Segment Start: Data below
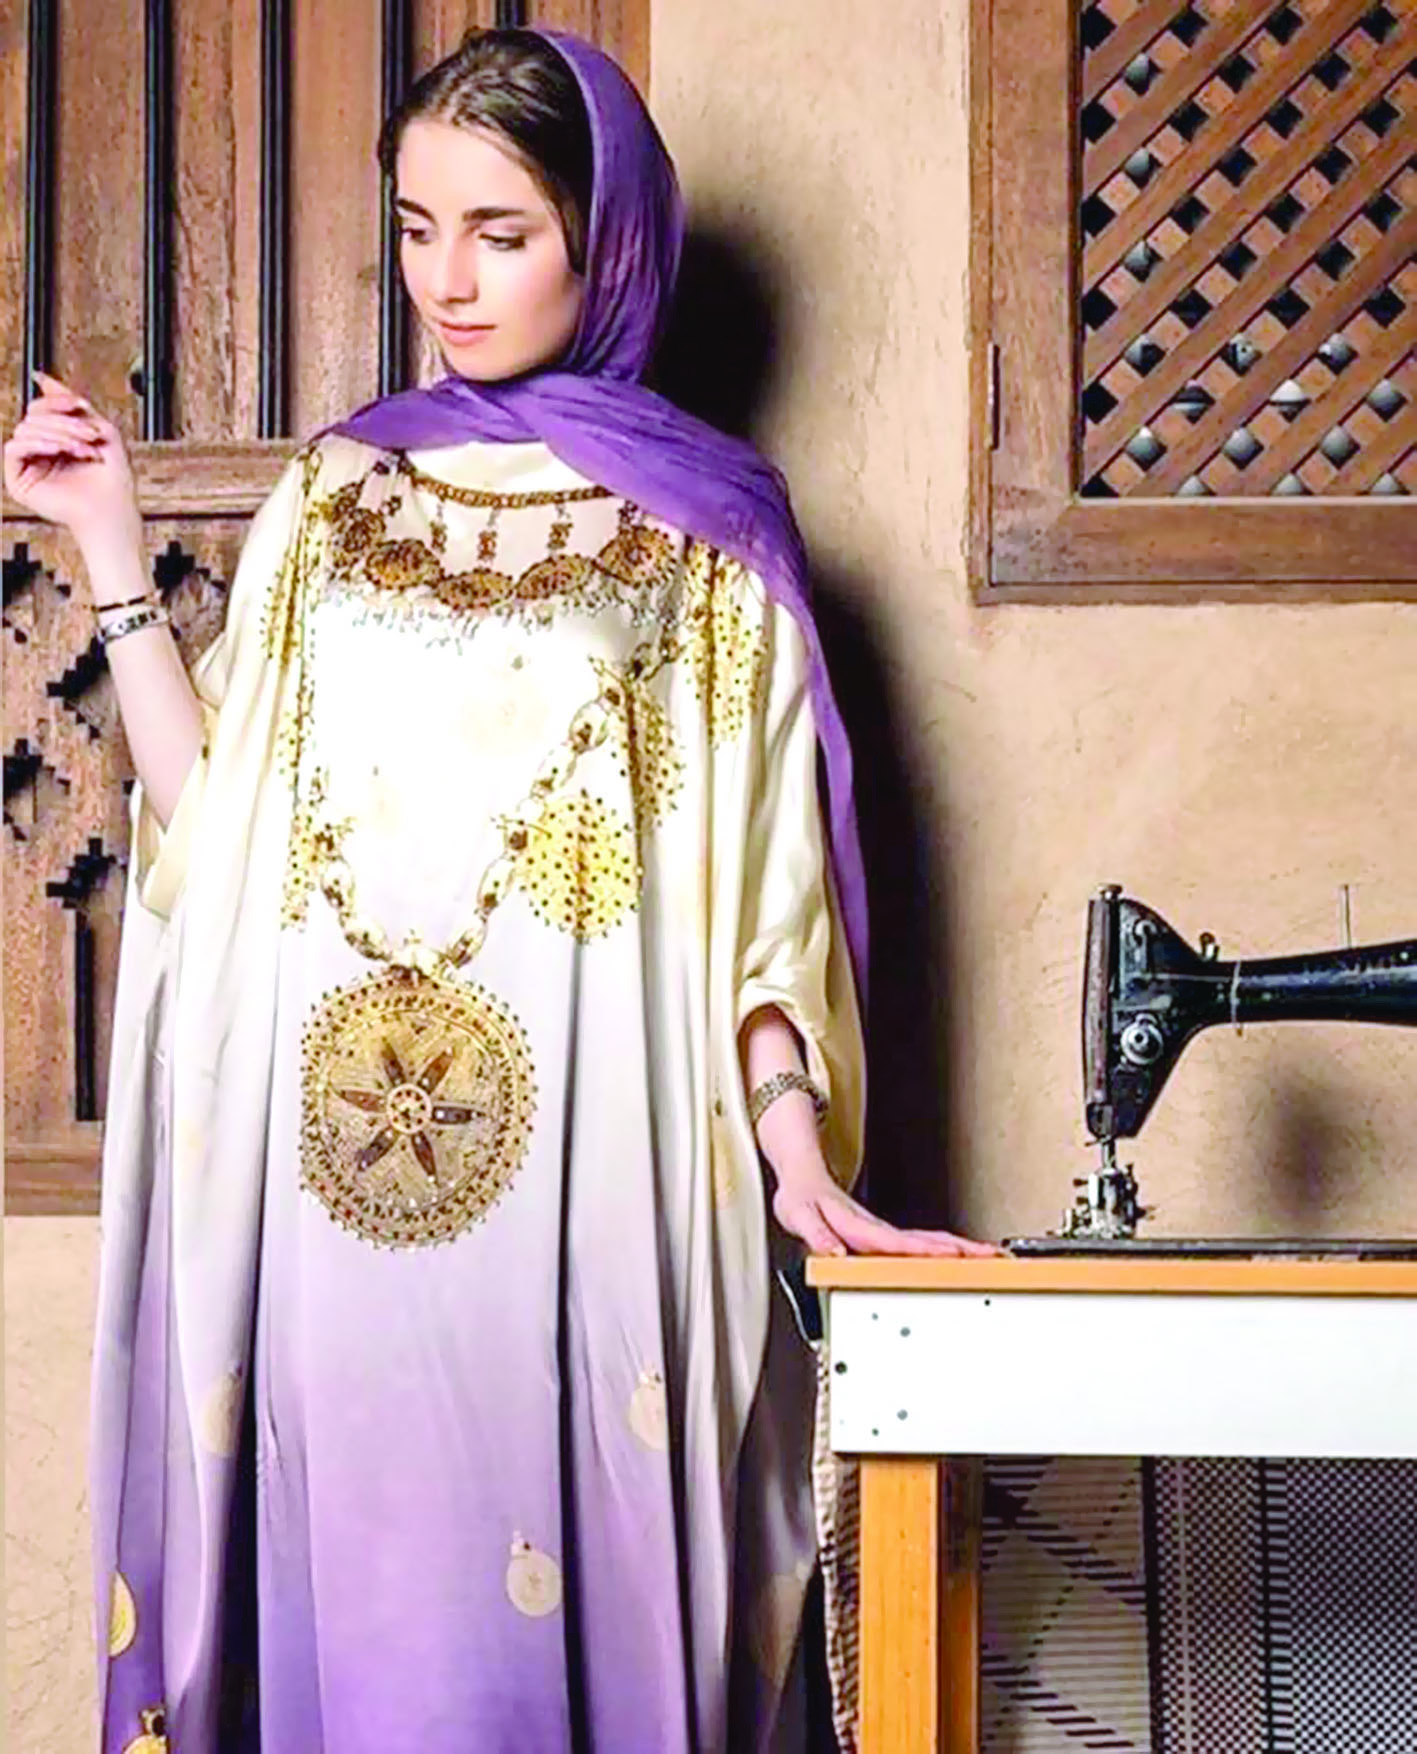 المصممة خديجة الخنجية:
مجموعتي "ذهبان المزيونة" مستوحاة من واقع مشغولات ذهبية عمانية حقيقية
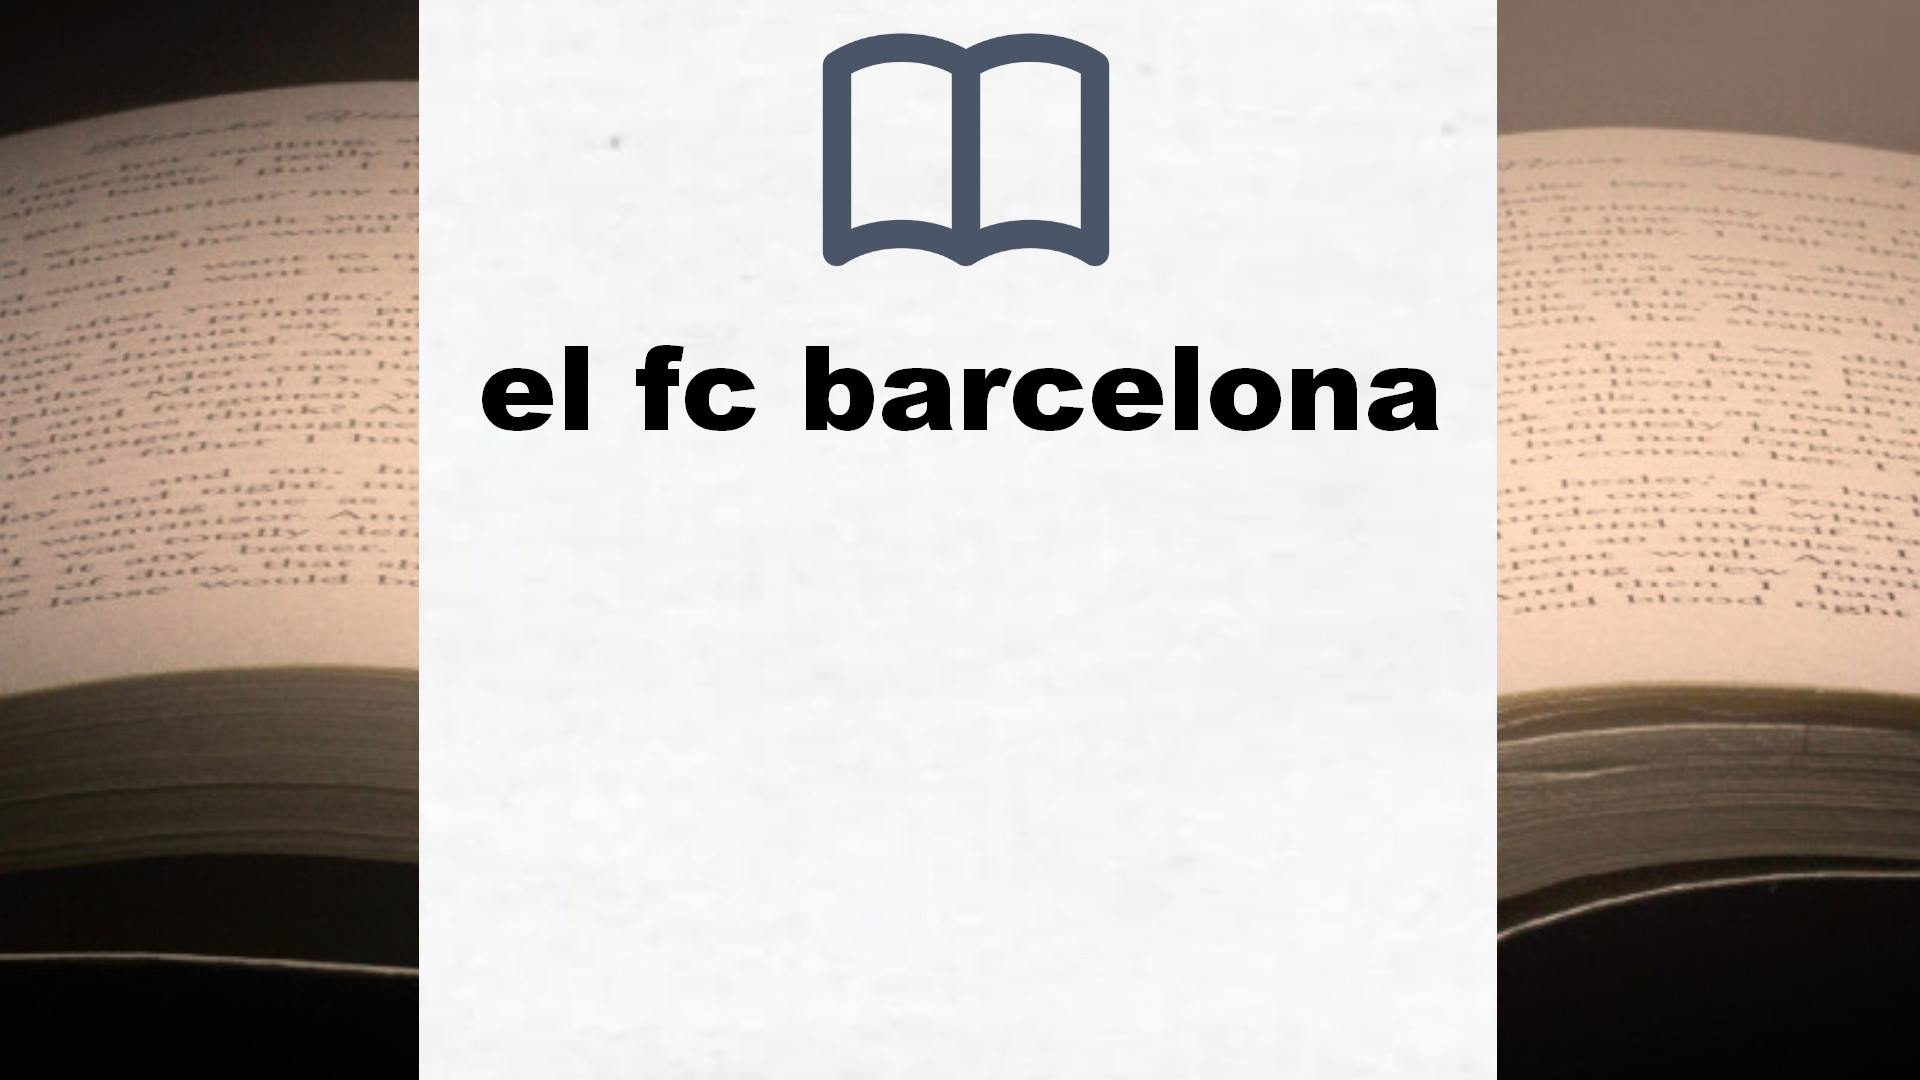 Libros sobre el fc barcelona
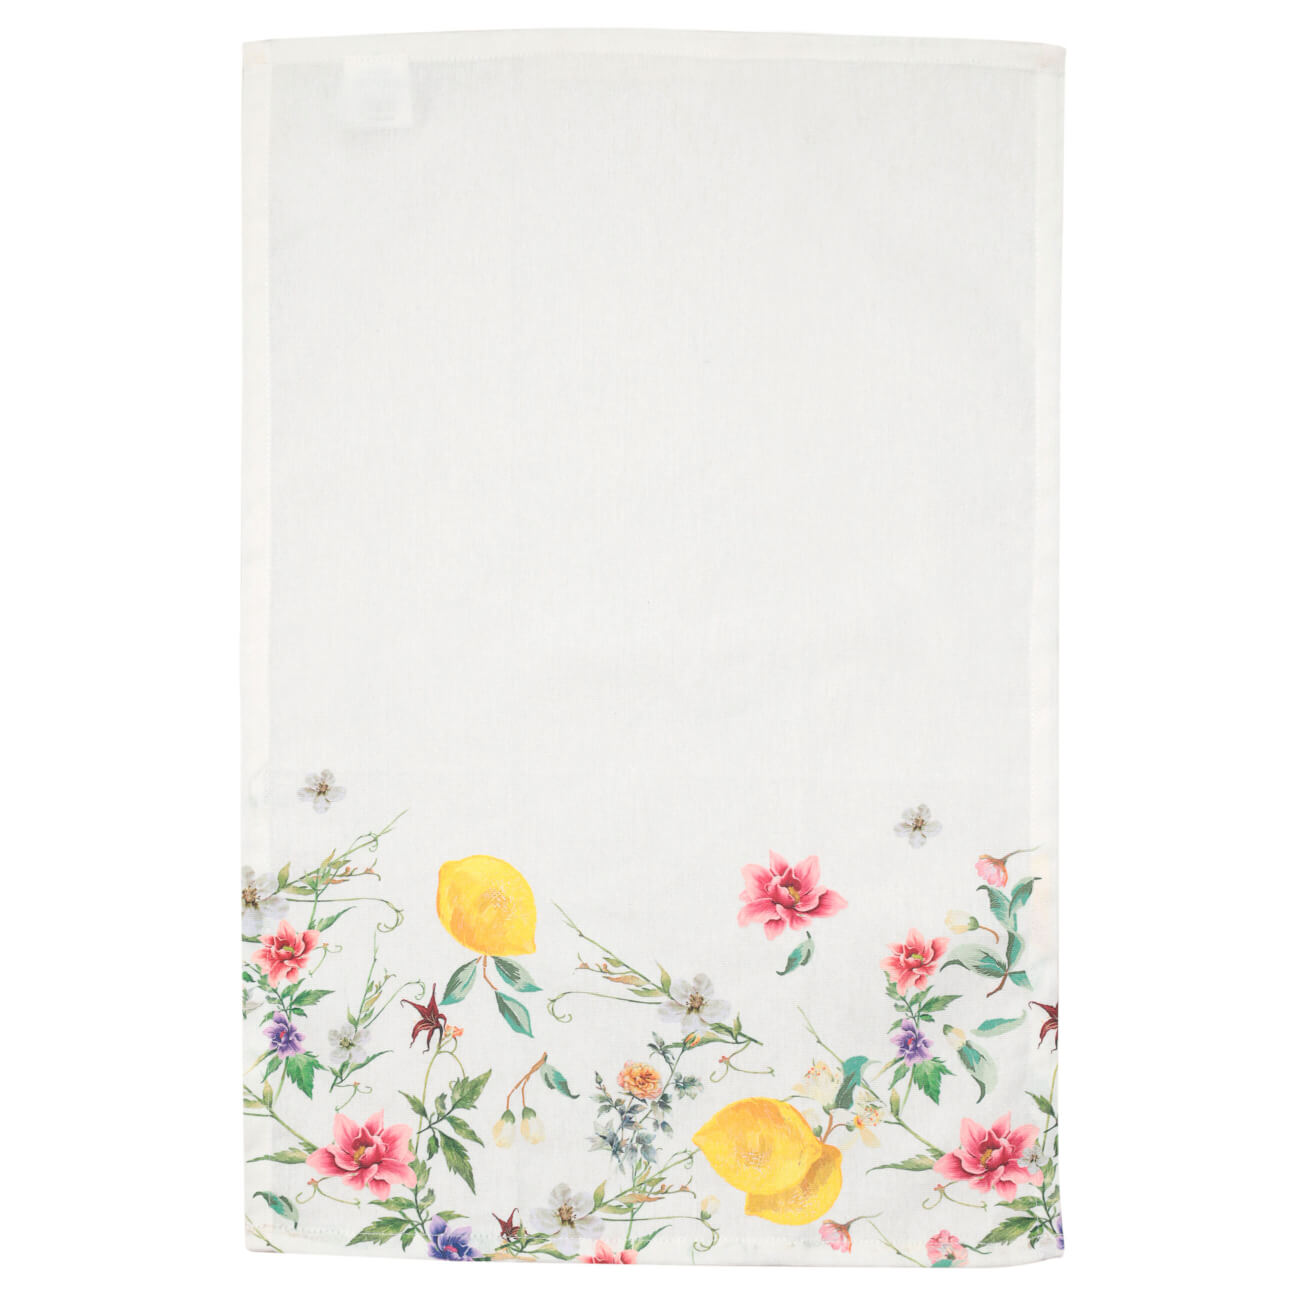 Полотенце кухонное, 40x60 см, хлопок, белое, Цветы и лимоны, Sicily in bloom полотенце вечер бриз р 40х70
Segment End: Data below
Exercise goal: Without including any picture, reproduce all of the material exactly.

Written response:
 المصممة خديجة الخنجية:
مجموعتي "ذهبان المزيونة" مستوحاة من واقع مشغولات ذهبية عمانية حقيقية
 Libros sobre el fc barcelona
 Полотенце кухонное, 40x60 см, хлопок, белое, Цветы и лимоны, Sicily in bloom полотенце вечер бриз р 40х70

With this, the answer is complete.